Look at the relationship between the new estimates of \(N\) and \(\hat{N}\)
plot(Nhat,out$par[1:9],xlab='Mark-recapture estimate',ylab='New estimate of abundance')
abline(0,1)
So it looks like information in \(C\) is contiributing very little information to a new estimate of \(N\).
The numbers in “par” above are just point estimates. What about standard errors of the paramters? In the chunk of code above, I asked the optimizer to return the Hessian, which is a square matrix of second-order partial derivates evaluted at the maximum likelihood estimates of each paramter.
\[H = \begin{pmatrix} \frac{\partial^2f}{\partial x_1^2} & \frac{\partial^2f}{\partial x_1 \partial x_2} & \cdots & \frac{\partial^2f}{\partial x_1 \partial x_n} \\ \frac{\partial^2f}{\partial x_2^2} & \frac{\partial^2f}{\partial x_2^2} & \cdots & \frac{\partial^2f}{\partial x_2 \partial x_n} \\ \vdots & \vdots & \ddots & \vdots \\ \frac{\partial^2f}{\partial x_n \partial x_1} & \frac{\partial^2f}{\partial x_n \partial x_2} & \cdots & \frac{\partial^2f}{\partial x_n^2} \end{pmatrix}\]
This matrix gives the magnitue of the curvature in all directions of the multidimenesional likelihood surface. A more “spiked” surface means that a parameter can only take on a narrow range of values, whereas a flatter surface means that the parameter estimates are more uncertain.

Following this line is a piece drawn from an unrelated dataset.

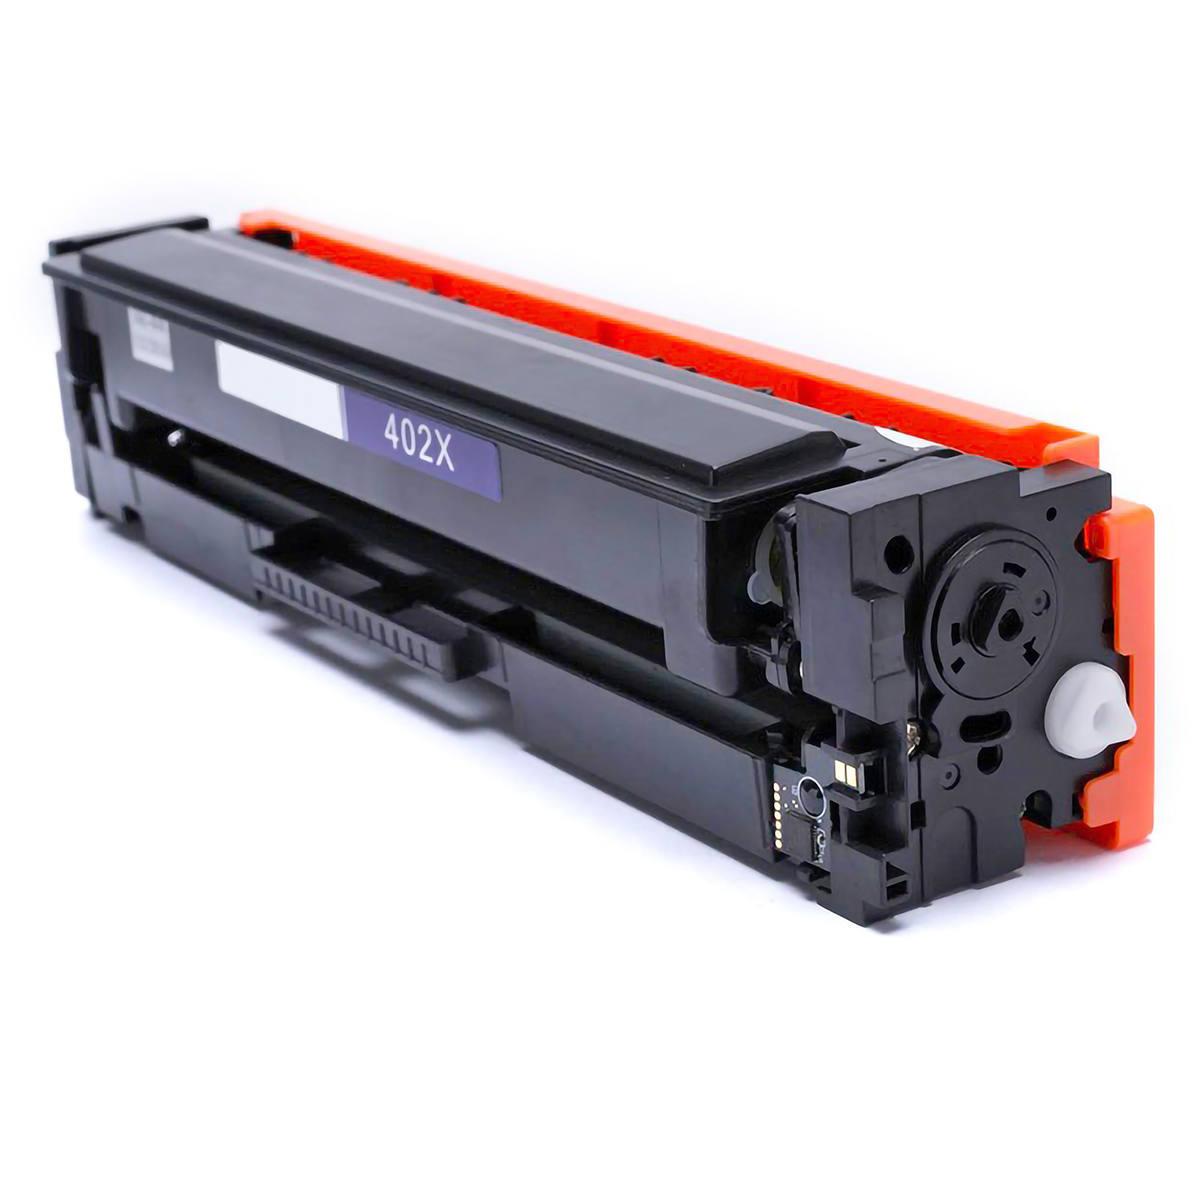 Compatível: Toner CF402X 201X para HP M277 M277n M277dw M252 M252n M252dw 252n 277n 252dw 277dw / Amarelo / 2.400

We can get standard errors by calculating the inverse of the square root of the diagonal elements of the observed Fisher Information matrix \(\mathbf I(\mathbf \theta)\), where \(\mathbf \theta\) is a vector of all the paramters. The Fisher Information matrix is found by inverting the Hessian matrix.
\(\mathbf I(\mathbf \theta) = \mathbf H^{-1}\)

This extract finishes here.